Active risk represents the possibility that the Caisse’s return will differ from the benchmark portfolio’s return owing to active management of its portfolio. The greater the active risk, the more the overall portfolio’s expected absolute return (see Figure 38, p. 54) will differ from the benchmark portfolio’s return. The absolute risk of the Caisse’s benchmark portfolio and the active risk and the absolute risk of the overall portfolio are measured regularly and are subject to various limits.
Stress tests
The Caisse also uses stress tests to assess the losses of a specialized portfolio and the Caisse’s overall portfolio in extreme circumstances. The stress test is a risk measurement that complements VaR by estimating the impact of extreme circumstances on returns.
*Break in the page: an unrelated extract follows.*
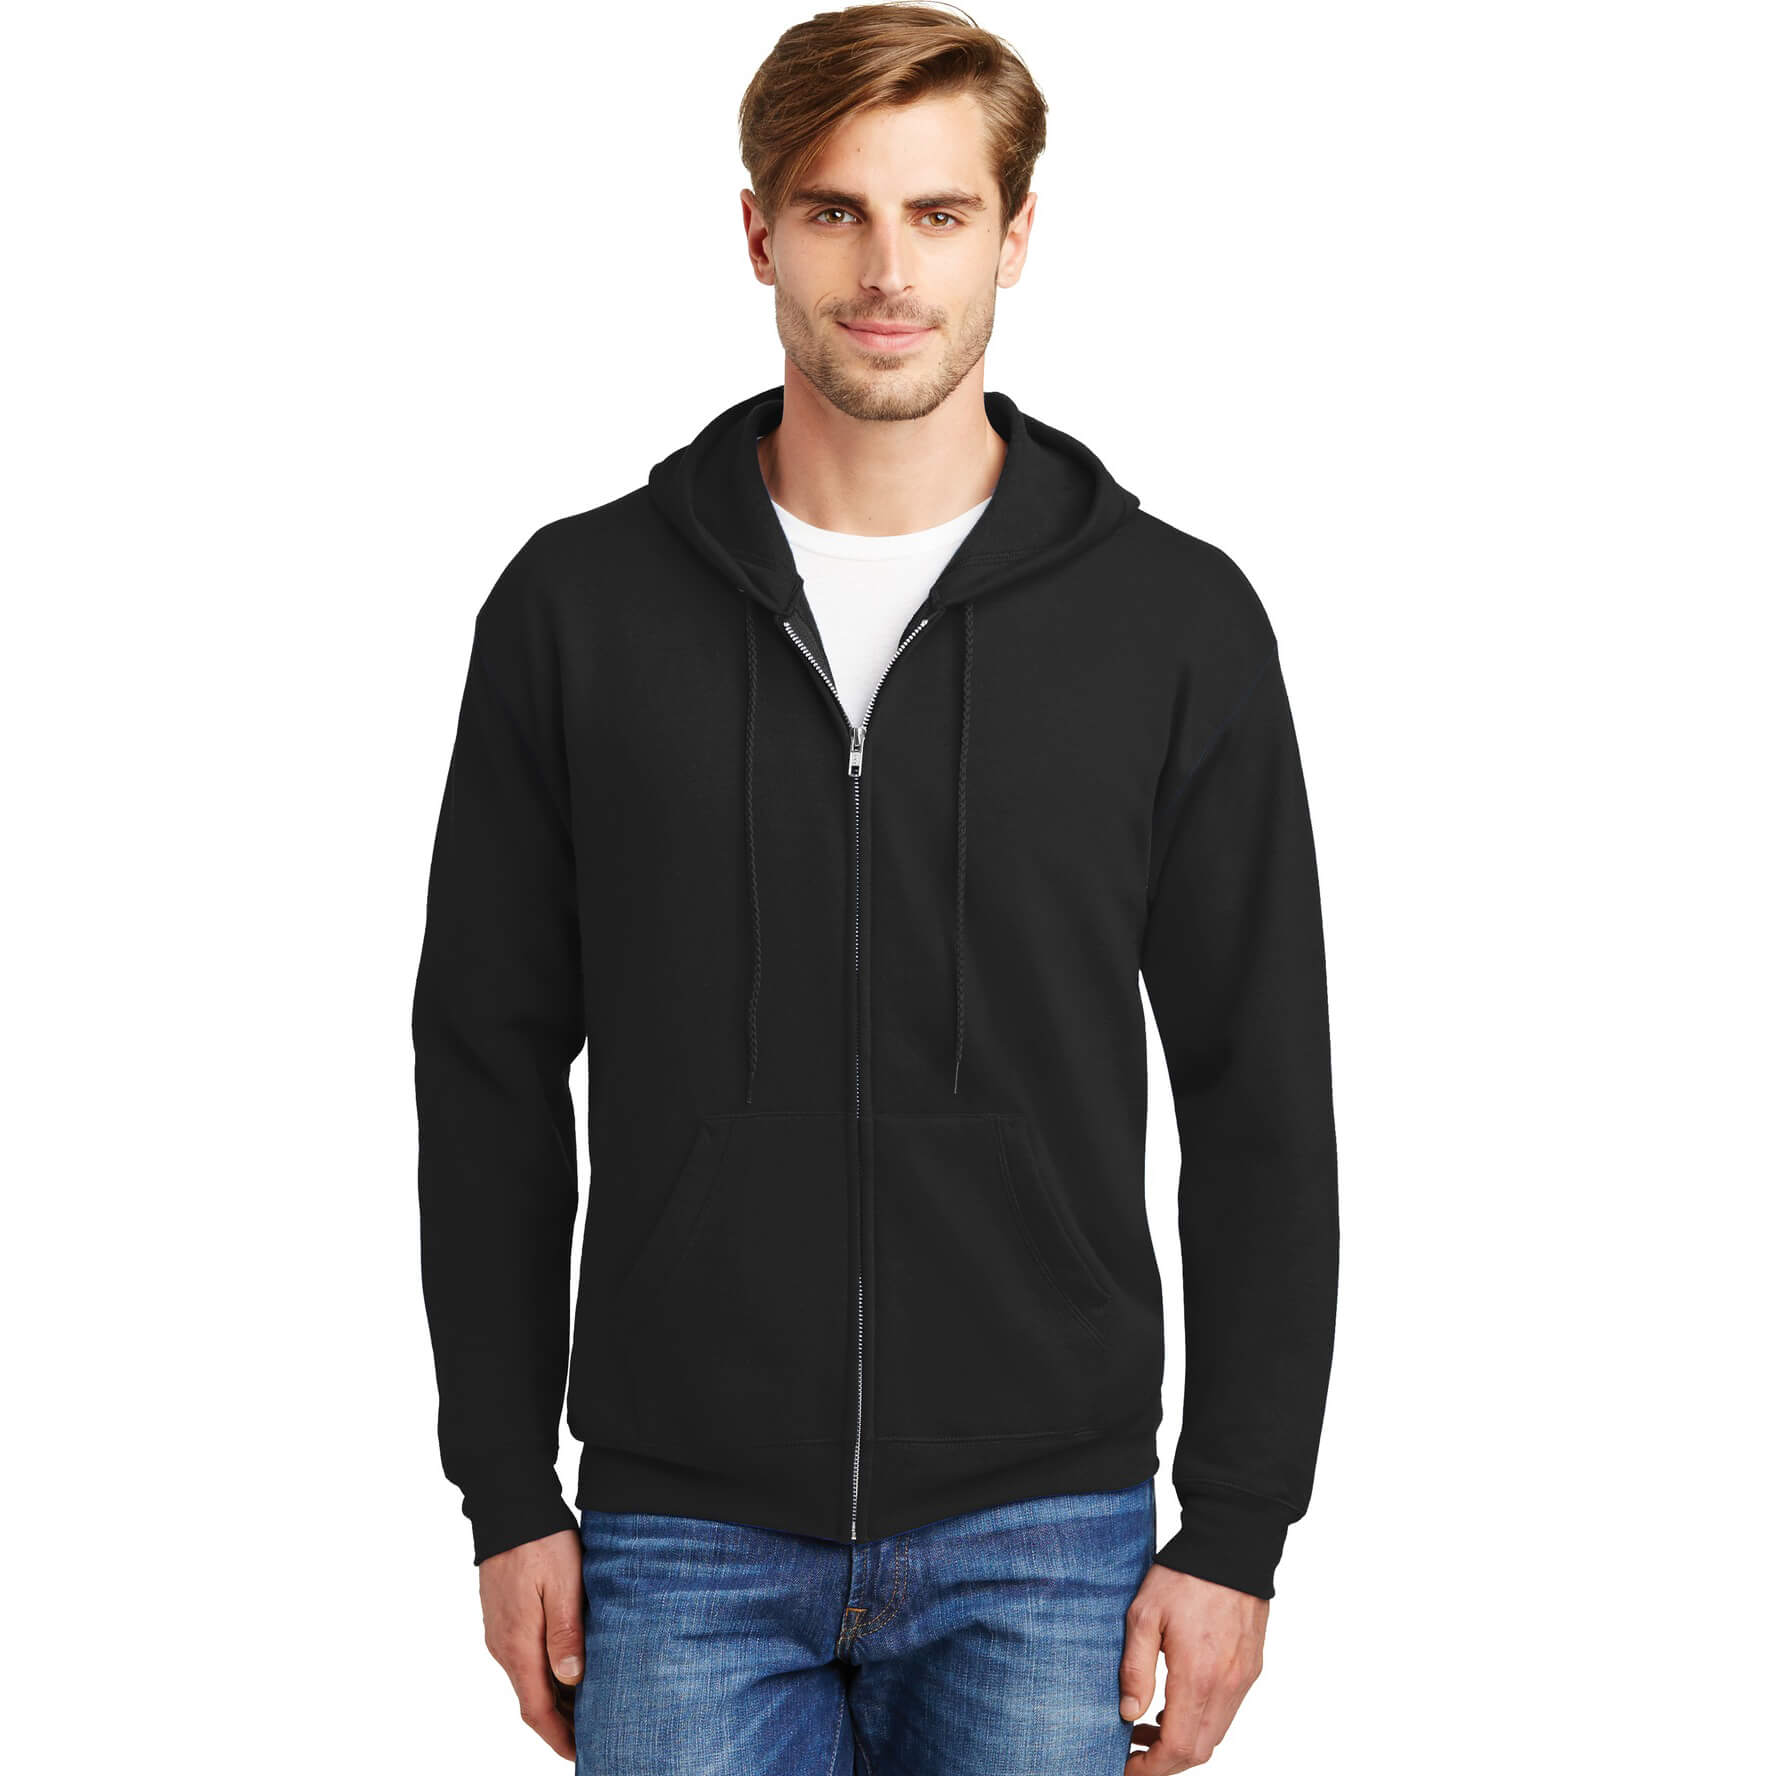 Hanes ® - EcoSmart ® Full-Zip Hooded Sweatshirt - Phelps USA

Such circumstances have a low probability of occurring but are likely to give rise to substantial losses. Using different types of extreme scenarios, the stress test measures the loss of value of a position after a variation in one or more often interrelated risk factors, such as equity prices, interest rates, credit spreads, foreign exchange rates, commodity prices and market volatility.
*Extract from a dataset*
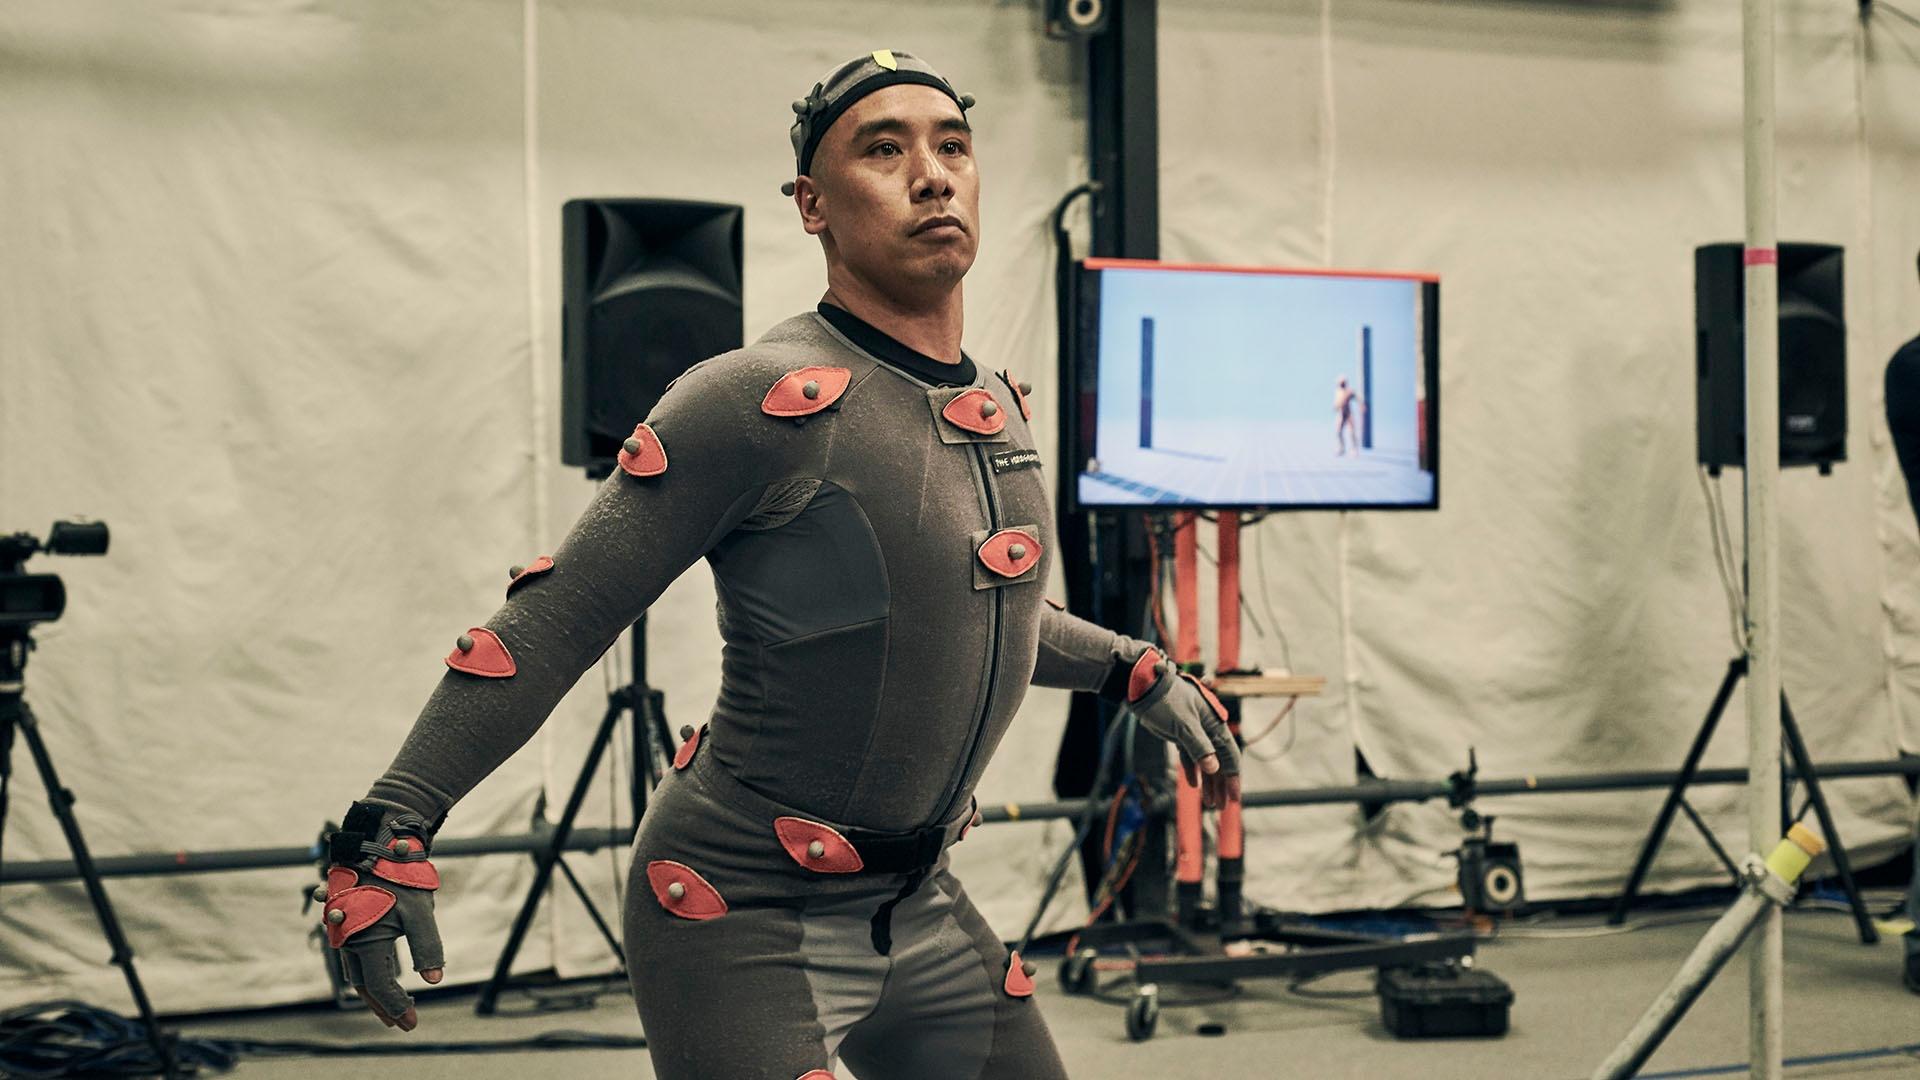 Nick Kellington (actor) wearing motion capture suit.

Like VaR, a stress test agregates the risk of many positions in a single overall measurement, making it possible to analyze losses for a portfolio or for a set of portfolios, according to selected extreme scenarios.
credit, concentration and counterparty risk
Credit risk
Credit risk is the possibility of a loss of market value in the event that a borrower, an endorser, a guarantor or a counter- party does not honour its obligation to repay a loan or fulfill any other financial obligation, or experiences a deterioration of its financial position.
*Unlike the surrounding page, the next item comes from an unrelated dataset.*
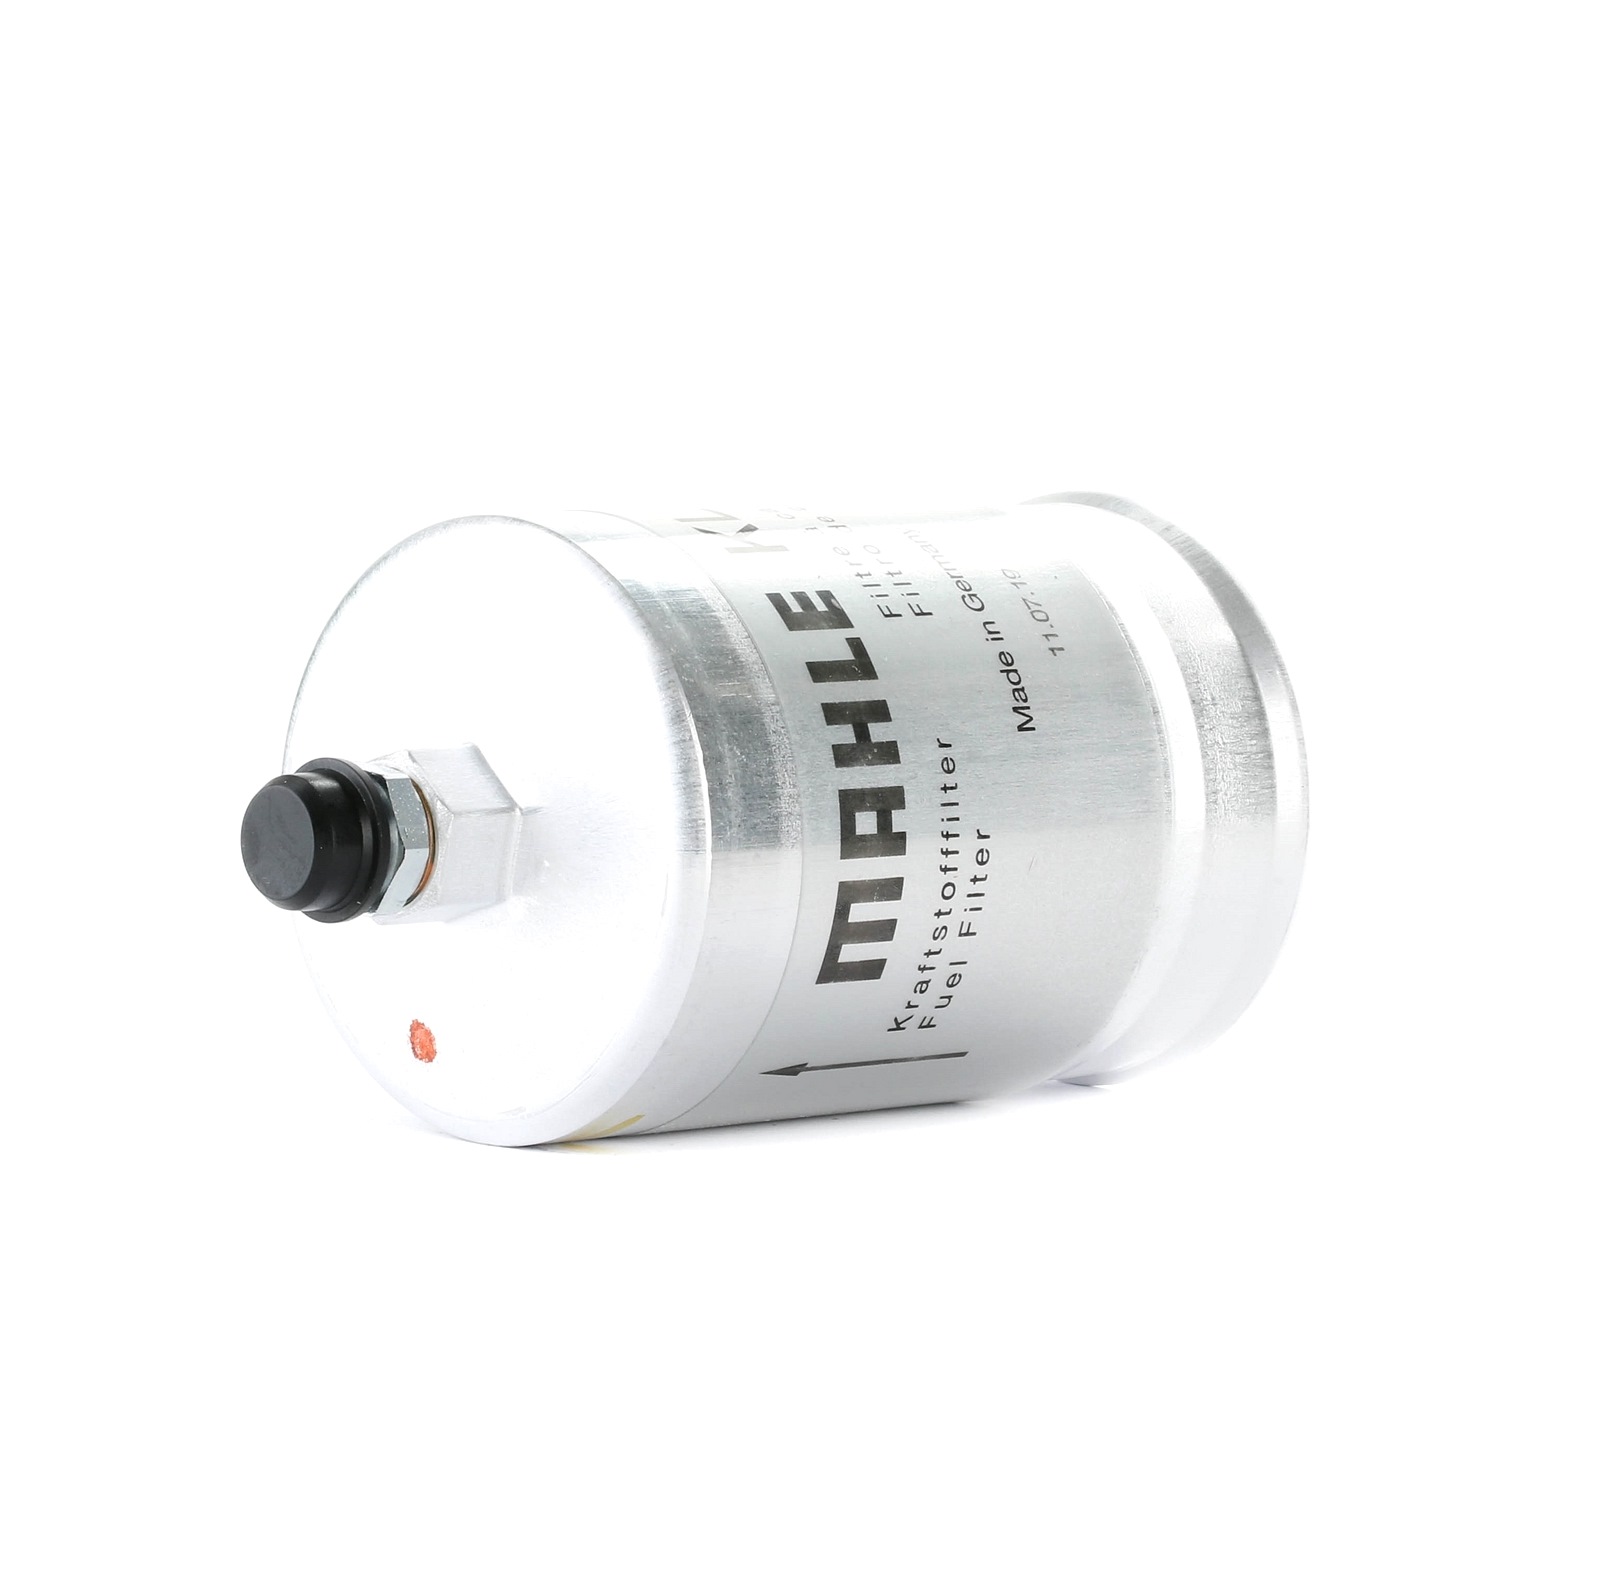 MAHLE ORIGINAL KL 19 Fuel filter In-Line Filter

Credit risk analysis involves measuring the probability of default and the recovery rate on debt securities held by the Caisse as well as monitoring changes in the credit quality of issuers and groups of issuers1 whose securities are held in all the Caisse’s
portfolios. In managing credit risk, the Caisse frequently monitors changes in the ratings issued by rating agencies and compares them with in-house credit ratings, whenever available. It also uses the credit VaR for its bond, Long Term bond, Real Return bond and Real Estate Debt portfolios. Credit VaR is a statistical measurement that incorporates information on the current and potential creditworthiness of the issuers in a portfolio, their interrelations and the level of loss in case of default. This measurement therefore estimates potential losses over a given period in accordance with a specified confidence level. The Caisse assesses credit VaR over a one-year period with a 99% confidence level.
Concentration risk
Concentration risk analysis measures the fair value of all the financial products related to a single issuer or group of issuers1
with similar characteristics (region, industry, credit rating). Concentration limits have been established for each specia- lized portfolio, taking into account the investment philosophy and the risk tolerance. In addition, concentration limits for the Caisse’s overall portfolio, for each issuer and for emerging markets, have also been established.
Counterparty risk
Counterparty risk is the credit risk from current or potential exposure related to the Caisse’s operations involving over-the- counter financial instruments.
Transactions involving derivatives are carried out with financial institutions whose credit ratings are established by recognized rating agencies and for which operational limits are set by senior management. Moreover, the Caisse enters into legal agreements based on the standards of the International Swaps and Derivatives Association (ISDA)2 to benefit from the netting
of amounts at risk and the exchange of collateral to ensure the Caisse limits its net exposure to this credit risk.
1. A group of issuers is a set of issuers controlled by a parent company.
2. ISDA promotes sound risk management practices and issues legal opinions on netting and collateral arrangements.